Playing to connectedness

| Interview

McKinsey: Tell us how Bought By Many works.

Steven Mendel: Bought By Many is known for using a combination of search engines and social media to create communities of individuals with similar insurance needs, on whose behalf we negotiate with the insurance industry to bring them a better deal than they could get on their own. While this is our public persona, we actually start with the supply side—the insurers, not the consumers—and we say to them, “Tell us where you want more risk exposure. Where do you want to grow your book?”

Insurers tend to answer in one of three ways. Some look at it from an underwriting perspective and say, if you can bring us targeted access to certain specific risks, this works for us. Some say, our current mix of business works, but our current cost for distribution doesn’t. Bought By Many is typically a good deal cheaper than a face-to-face broker or a price comparison site so we bring a lower-cost distribution model to that second set of insurers. The third set are looking at us from a Solvency II perspective and identifying areas in their book where they’re underexposed. If we can help them fill those gaps, the business we bring them is disproportionately attractive because their book is more balanced as a result, and they can hold less capital across it.

Having found supply, we turn our attention to the demand side of the equation. Here the first thing we do is look at what individuals are searching for online, and not just what’s important to them but the exact strings they type into search criteria. It might be “travel insurance for diabetics,” or “staffie insurance” if they’re looking for cover for a particular breed of dog. The second is to build connection layers into the back of social platforms and use them to understand what people’s interests and problems are, whether they are cyclists or watch collectors, say. Where the demand side overlaps with the supply side, we create groups.
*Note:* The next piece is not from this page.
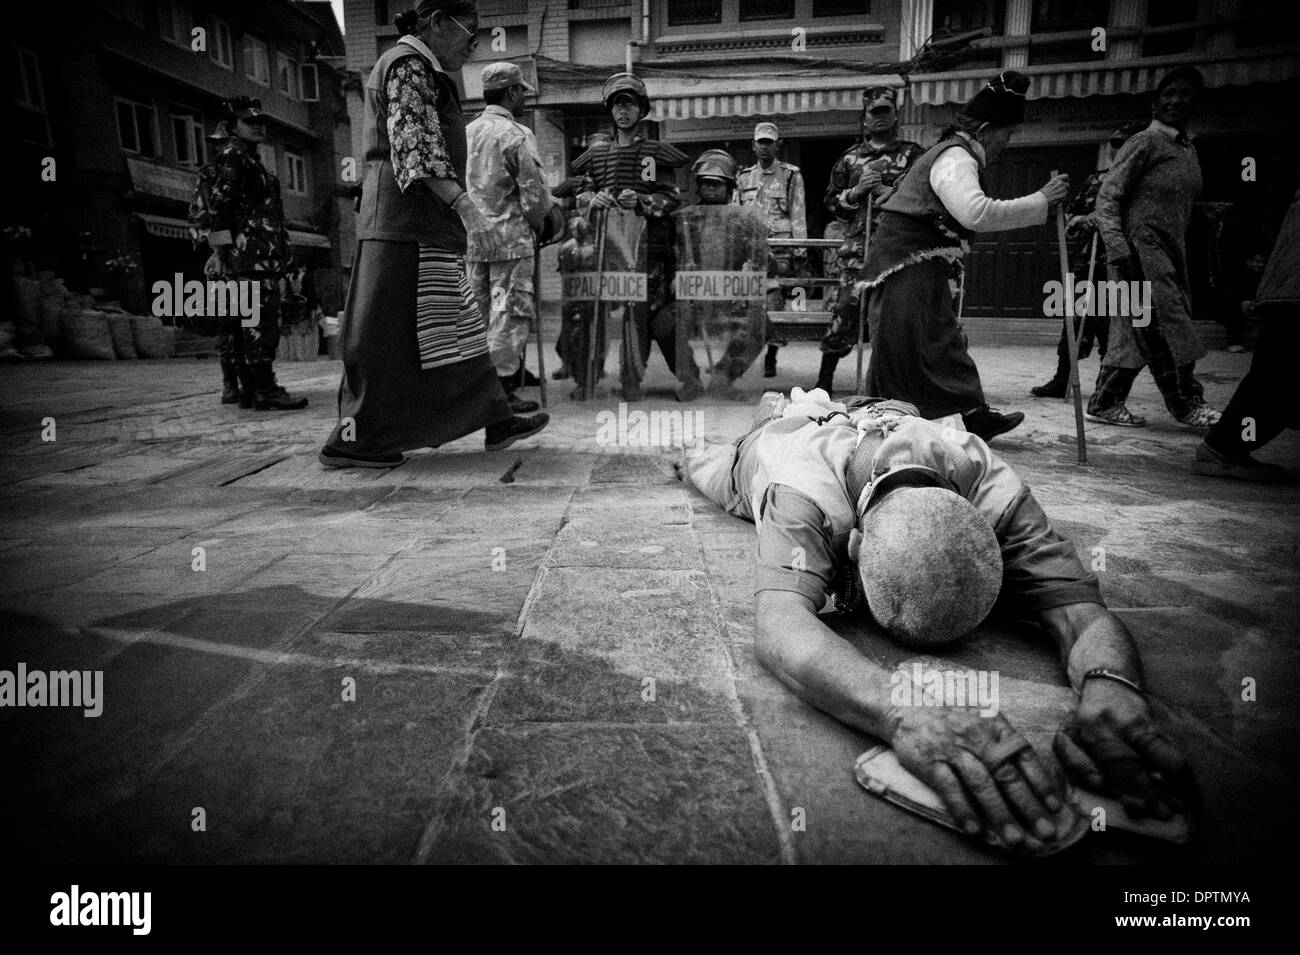 Buddhism in the kathmandu Black and White Stock Photos & Images - Alamy

Our members still buy directly from the underlying insurer in the brand of the insurer, but on the better terms that we’ve negotiated. (Better might mean cheaper, more appropriate, or more tailored cover, or a combination of these.)

McKinsey: How do you experience the industry changing?

Steven Mendel: One of our guiding principles is the understanding that individuals want to interact with all services in the same way, including insurance: they’re used to checking Facebook and their bank account on a mobile phone, but when it comes to insurance, this is not possible. And although most insurers will tell you they’ve got a mobile-friendly site, this typically extends to just the home page—not to the quote and buy process, let alone the claims process.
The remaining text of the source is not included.